— Ты лицемерный мошенник! — вскричал баронет. — Хотя, впрочем, ты отчасти и прав — не к чему проклинать тех, кто и так черен, как дым в преисподней.
— Прошу тебя, воздержись, — продолжал солдат — ради приличия, если уж ты такой бессовестный… Сквернословие не идет седой бороде.
— Это сущая правда, даже если сказал ее сам дьявол, — согласился баронет. — Я, слава богу, могу последовать доброму совету, хотя бы он исходил от самого сатаны.

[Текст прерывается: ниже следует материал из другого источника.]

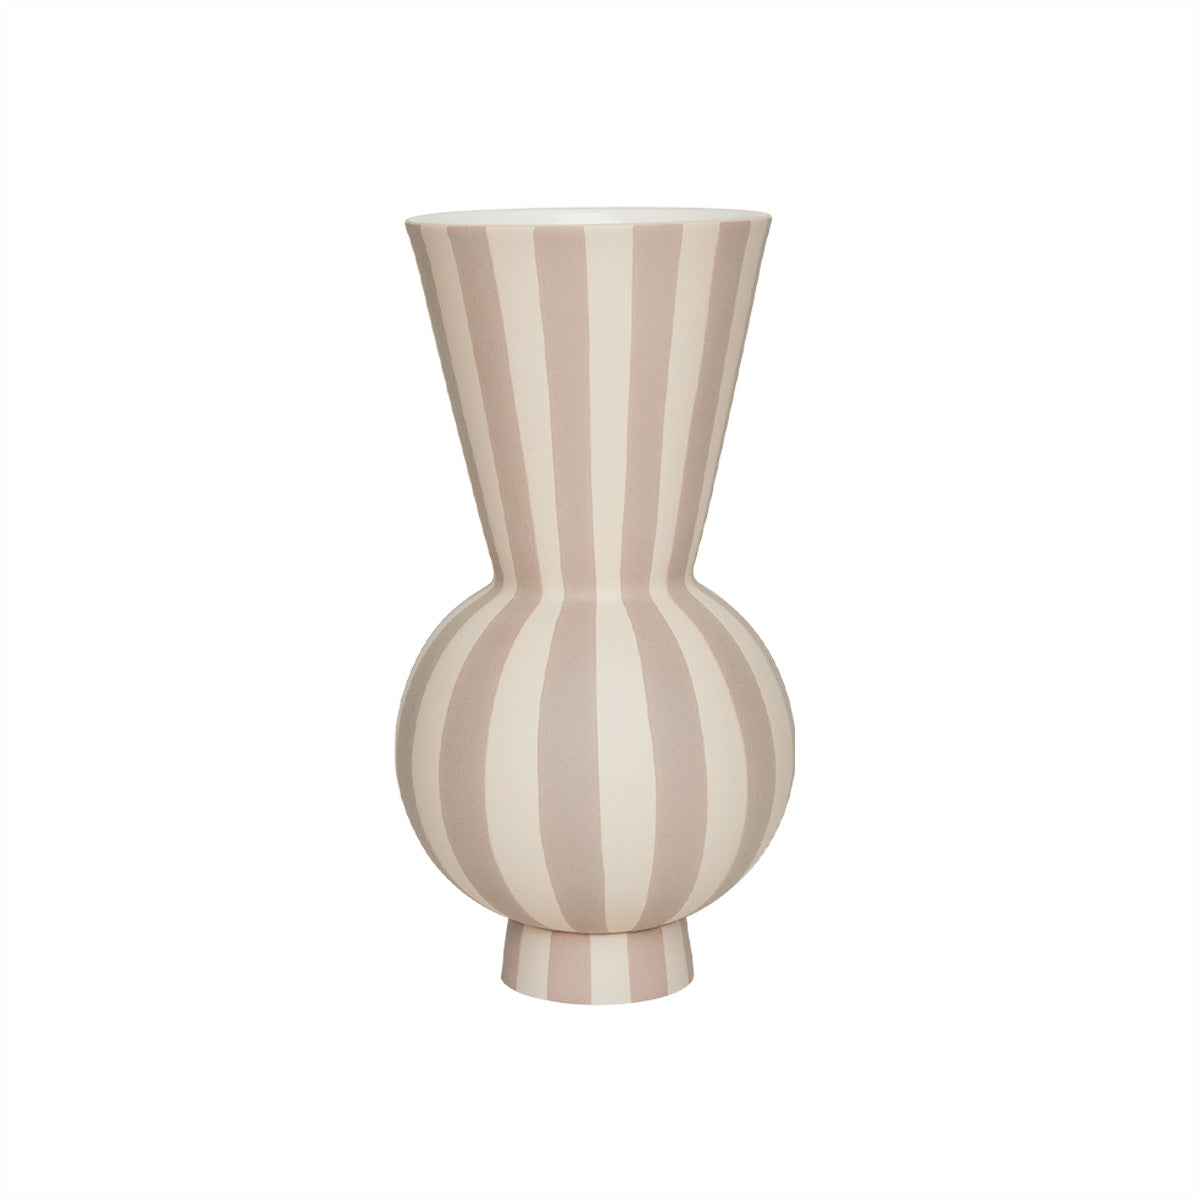 OYOY LIVING Toppu Vase - Round Vase

Итак, любезный, возвращайся к своим комиссарам и передай им, что сэр Генри Ли, хранитель вудстокских угодий, имеет здесь право пользоваться всем — землями и живностью. Права мой так же неограниченны, как и их права на собственное добро, конечно, если у них есть что-нибудь, кроме того, что они награбили у честных людей. Но, несмотря на это, он уступит место тем, кто опирается на право сильного, и не подвергнет опасности жизнь честных и преданных людей, когда перевес явно не на их стороне. Он заявляет, что уступает не потому, что признает этих так называемых комиссаров или сам лично боится их; он хочет избежать пролития английской крови — ее и так много пролито за последнее время.
— Здорово сказано, — заметил посланец комиссаров, — а потому прошу, пойдем в дом, там ты официально передашь мне утварь, золотые и серебряные украшения египетского фараона, который оставил их тебе на хранение.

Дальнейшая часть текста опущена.